**Dataset records**
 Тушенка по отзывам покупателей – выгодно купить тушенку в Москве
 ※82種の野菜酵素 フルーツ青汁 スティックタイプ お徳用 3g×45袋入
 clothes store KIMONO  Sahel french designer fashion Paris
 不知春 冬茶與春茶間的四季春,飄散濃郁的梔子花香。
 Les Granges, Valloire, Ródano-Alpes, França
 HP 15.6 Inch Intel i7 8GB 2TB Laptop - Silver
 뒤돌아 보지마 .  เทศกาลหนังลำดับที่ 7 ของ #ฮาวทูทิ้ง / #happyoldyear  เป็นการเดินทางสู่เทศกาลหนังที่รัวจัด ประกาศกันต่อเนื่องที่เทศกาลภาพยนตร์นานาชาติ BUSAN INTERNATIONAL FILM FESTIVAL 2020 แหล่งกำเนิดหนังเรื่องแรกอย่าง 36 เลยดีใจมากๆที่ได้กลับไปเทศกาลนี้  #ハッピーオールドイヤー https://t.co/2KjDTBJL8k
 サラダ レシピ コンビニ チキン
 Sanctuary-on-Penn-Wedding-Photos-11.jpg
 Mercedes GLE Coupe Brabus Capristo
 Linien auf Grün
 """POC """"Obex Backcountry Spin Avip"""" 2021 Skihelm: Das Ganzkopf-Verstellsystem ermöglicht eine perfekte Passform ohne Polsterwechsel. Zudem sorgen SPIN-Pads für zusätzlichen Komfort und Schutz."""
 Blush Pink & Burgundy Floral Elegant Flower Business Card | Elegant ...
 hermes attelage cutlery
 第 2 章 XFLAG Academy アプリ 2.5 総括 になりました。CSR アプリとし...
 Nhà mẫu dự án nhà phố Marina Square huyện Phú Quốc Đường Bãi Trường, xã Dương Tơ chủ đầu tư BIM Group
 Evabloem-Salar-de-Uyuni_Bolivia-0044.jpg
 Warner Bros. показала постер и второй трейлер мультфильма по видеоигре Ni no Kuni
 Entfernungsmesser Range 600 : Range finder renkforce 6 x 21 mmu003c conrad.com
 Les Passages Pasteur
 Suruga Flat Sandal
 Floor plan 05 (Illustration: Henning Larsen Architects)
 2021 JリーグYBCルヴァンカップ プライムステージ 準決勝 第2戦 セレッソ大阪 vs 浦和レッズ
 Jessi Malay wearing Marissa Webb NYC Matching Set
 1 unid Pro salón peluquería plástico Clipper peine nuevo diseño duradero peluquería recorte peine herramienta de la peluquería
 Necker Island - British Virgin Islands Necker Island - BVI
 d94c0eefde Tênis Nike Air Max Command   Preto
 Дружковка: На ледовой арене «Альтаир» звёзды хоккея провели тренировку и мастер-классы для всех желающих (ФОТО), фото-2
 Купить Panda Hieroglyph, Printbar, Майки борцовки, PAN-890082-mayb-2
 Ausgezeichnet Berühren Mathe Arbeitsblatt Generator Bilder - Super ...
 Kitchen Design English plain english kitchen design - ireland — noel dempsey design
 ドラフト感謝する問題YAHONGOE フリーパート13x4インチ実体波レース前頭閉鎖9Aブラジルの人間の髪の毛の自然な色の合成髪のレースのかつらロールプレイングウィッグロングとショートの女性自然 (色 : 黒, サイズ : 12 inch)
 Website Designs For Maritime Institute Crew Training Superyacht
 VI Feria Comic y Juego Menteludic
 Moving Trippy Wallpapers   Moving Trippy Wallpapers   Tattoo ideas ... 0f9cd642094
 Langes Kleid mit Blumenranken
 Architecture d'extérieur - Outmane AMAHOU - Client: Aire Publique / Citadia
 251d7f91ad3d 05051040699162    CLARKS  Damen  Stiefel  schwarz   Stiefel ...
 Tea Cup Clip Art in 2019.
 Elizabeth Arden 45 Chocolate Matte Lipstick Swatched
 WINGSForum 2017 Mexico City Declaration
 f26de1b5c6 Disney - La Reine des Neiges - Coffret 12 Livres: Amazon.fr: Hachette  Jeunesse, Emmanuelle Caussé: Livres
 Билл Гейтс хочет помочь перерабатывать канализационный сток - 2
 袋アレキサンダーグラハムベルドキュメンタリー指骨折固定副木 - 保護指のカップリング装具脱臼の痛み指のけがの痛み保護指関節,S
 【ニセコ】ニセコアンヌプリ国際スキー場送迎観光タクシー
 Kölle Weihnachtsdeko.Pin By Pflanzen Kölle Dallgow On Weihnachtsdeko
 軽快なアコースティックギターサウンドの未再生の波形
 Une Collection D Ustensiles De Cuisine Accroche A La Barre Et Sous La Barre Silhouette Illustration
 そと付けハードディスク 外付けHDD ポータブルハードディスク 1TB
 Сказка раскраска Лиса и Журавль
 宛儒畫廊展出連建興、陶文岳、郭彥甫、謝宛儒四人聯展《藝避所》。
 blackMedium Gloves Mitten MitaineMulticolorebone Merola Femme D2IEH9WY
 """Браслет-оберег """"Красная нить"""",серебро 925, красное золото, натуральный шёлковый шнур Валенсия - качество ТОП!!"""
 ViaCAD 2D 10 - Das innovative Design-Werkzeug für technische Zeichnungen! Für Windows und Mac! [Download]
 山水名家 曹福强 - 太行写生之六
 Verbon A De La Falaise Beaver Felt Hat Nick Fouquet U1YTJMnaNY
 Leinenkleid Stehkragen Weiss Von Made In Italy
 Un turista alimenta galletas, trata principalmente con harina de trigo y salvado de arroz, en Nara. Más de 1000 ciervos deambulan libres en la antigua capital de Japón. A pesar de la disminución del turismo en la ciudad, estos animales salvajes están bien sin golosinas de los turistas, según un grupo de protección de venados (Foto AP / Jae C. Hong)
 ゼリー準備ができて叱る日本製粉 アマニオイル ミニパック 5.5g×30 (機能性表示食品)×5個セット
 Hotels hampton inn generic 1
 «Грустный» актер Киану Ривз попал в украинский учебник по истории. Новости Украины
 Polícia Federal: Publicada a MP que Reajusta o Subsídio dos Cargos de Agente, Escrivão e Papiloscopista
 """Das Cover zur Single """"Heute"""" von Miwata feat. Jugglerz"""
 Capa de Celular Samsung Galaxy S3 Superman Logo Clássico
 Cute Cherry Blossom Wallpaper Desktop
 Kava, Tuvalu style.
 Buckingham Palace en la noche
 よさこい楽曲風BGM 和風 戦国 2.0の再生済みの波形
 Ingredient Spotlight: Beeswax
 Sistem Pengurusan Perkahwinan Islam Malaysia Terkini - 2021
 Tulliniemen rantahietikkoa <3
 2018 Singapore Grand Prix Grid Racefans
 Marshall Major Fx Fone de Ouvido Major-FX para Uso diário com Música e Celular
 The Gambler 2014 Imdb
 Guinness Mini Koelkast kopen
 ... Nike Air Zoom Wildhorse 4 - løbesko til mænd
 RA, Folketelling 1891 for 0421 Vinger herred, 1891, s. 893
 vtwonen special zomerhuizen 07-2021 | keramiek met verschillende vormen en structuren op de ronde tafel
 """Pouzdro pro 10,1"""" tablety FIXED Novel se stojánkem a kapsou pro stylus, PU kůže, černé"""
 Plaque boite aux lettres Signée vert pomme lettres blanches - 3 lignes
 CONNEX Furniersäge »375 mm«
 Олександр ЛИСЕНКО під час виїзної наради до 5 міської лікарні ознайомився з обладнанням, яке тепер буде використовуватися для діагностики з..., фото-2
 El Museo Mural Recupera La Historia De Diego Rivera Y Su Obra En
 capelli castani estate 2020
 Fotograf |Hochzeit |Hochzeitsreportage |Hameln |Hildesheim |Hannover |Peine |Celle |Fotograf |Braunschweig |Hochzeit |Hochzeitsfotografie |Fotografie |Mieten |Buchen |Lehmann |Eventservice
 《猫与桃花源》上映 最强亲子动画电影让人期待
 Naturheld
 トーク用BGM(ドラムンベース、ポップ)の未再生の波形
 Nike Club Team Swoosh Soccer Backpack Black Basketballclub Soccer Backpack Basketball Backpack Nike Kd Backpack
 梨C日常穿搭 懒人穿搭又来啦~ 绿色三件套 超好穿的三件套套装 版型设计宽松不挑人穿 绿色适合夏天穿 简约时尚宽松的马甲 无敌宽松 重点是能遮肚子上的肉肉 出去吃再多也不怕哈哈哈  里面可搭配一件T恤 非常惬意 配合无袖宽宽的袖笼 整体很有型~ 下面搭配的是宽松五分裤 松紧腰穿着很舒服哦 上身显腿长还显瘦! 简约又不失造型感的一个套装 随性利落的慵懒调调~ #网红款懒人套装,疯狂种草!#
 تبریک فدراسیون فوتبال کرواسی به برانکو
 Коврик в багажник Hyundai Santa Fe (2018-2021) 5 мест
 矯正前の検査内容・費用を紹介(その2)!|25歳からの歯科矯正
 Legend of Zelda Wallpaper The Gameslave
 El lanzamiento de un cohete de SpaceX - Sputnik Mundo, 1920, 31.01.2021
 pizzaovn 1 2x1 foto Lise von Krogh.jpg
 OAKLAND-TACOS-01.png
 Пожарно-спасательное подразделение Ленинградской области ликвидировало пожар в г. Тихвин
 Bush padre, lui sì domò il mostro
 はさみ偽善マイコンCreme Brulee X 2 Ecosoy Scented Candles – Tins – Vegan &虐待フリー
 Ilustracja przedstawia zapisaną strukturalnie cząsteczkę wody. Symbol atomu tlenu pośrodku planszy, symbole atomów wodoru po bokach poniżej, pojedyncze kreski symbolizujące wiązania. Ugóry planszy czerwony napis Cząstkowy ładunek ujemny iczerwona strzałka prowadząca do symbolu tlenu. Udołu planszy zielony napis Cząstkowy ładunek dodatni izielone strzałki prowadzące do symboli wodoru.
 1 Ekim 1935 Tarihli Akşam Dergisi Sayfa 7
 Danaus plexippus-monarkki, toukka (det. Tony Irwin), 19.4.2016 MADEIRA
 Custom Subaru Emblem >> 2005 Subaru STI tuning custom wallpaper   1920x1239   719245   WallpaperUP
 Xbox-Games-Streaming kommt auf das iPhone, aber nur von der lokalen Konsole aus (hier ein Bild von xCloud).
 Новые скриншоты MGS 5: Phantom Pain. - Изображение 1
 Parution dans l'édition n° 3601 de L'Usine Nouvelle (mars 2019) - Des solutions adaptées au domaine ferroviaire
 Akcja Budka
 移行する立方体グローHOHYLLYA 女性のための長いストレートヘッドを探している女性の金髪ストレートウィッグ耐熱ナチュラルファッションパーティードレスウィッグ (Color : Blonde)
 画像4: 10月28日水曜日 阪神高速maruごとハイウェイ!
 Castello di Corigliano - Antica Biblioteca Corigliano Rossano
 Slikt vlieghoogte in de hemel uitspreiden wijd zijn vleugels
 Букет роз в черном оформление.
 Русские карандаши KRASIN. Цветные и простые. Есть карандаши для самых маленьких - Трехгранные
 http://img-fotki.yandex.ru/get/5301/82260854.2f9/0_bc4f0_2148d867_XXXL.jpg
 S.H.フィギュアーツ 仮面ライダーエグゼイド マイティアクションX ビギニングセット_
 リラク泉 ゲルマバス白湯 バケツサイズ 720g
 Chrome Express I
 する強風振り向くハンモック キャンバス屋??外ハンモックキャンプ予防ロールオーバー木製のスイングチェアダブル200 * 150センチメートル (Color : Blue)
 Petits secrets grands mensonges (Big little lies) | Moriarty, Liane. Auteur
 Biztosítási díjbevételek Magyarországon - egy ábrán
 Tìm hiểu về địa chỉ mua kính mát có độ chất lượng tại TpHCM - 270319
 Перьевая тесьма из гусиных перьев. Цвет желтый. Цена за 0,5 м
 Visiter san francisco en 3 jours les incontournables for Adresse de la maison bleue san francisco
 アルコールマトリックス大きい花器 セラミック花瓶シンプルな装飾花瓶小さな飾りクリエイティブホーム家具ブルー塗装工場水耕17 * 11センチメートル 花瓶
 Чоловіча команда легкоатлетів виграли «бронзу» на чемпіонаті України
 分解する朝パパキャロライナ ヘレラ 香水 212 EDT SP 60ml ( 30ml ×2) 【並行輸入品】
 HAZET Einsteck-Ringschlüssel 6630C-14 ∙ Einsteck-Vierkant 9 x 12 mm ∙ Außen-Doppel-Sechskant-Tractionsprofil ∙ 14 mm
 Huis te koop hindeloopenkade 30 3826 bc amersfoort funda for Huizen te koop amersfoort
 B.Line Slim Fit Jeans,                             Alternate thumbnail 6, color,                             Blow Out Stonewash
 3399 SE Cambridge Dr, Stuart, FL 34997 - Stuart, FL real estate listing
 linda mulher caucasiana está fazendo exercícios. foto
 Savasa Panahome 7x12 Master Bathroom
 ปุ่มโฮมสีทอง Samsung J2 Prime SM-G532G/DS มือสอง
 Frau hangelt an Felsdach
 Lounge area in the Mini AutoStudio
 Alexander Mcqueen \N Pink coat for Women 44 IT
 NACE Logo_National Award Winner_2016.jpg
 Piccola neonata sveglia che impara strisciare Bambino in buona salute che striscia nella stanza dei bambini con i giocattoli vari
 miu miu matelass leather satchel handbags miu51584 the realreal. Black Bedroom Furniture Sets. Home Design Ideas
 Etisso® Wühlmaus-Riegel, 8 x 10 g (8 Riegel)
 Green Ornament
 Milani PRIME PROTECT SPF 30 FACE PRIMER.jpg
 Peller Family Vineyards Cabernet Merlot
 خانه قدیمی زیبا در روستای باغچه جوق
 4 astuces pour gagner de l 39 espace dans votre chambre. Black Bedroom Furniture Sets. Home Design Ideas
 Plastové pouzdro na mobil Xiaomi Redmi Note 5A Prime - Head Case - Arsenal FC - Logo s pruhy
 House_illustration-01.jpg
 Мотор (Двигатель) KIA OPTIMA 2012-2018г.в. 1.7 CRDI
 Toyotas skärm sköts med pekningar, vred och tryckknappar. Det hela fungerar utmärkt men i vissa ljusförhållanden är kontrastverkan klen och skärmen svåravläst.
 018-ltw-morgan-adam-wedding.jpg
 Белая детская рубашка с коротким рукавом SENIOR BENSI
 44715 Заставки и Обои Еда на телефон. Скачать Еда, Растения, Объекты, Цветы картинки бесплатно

**Problem**
The lines from the start of the entries above through the line containing "HP 15.6 Inch" are the ones to return, please; copy them exactly and include both ends.

**Final answer**
 Тушенка по отзывам покупателей – выгодно купить тушенку в Москве
 ※82種の野菜酵素 フルーツ青汁 スティックタイプ お徳用 3g×45袋入
 clothes store KIMONO  Sahel french designer fashion Paris
 不知春 冬茶與春茶間的四季春,飄散濃郁的梔子花香。
 Les Granges, Valloire, Ródano-Alpes, França
 HP 15.6 Inch Intel i7 8GB 2TB Laptop - Silver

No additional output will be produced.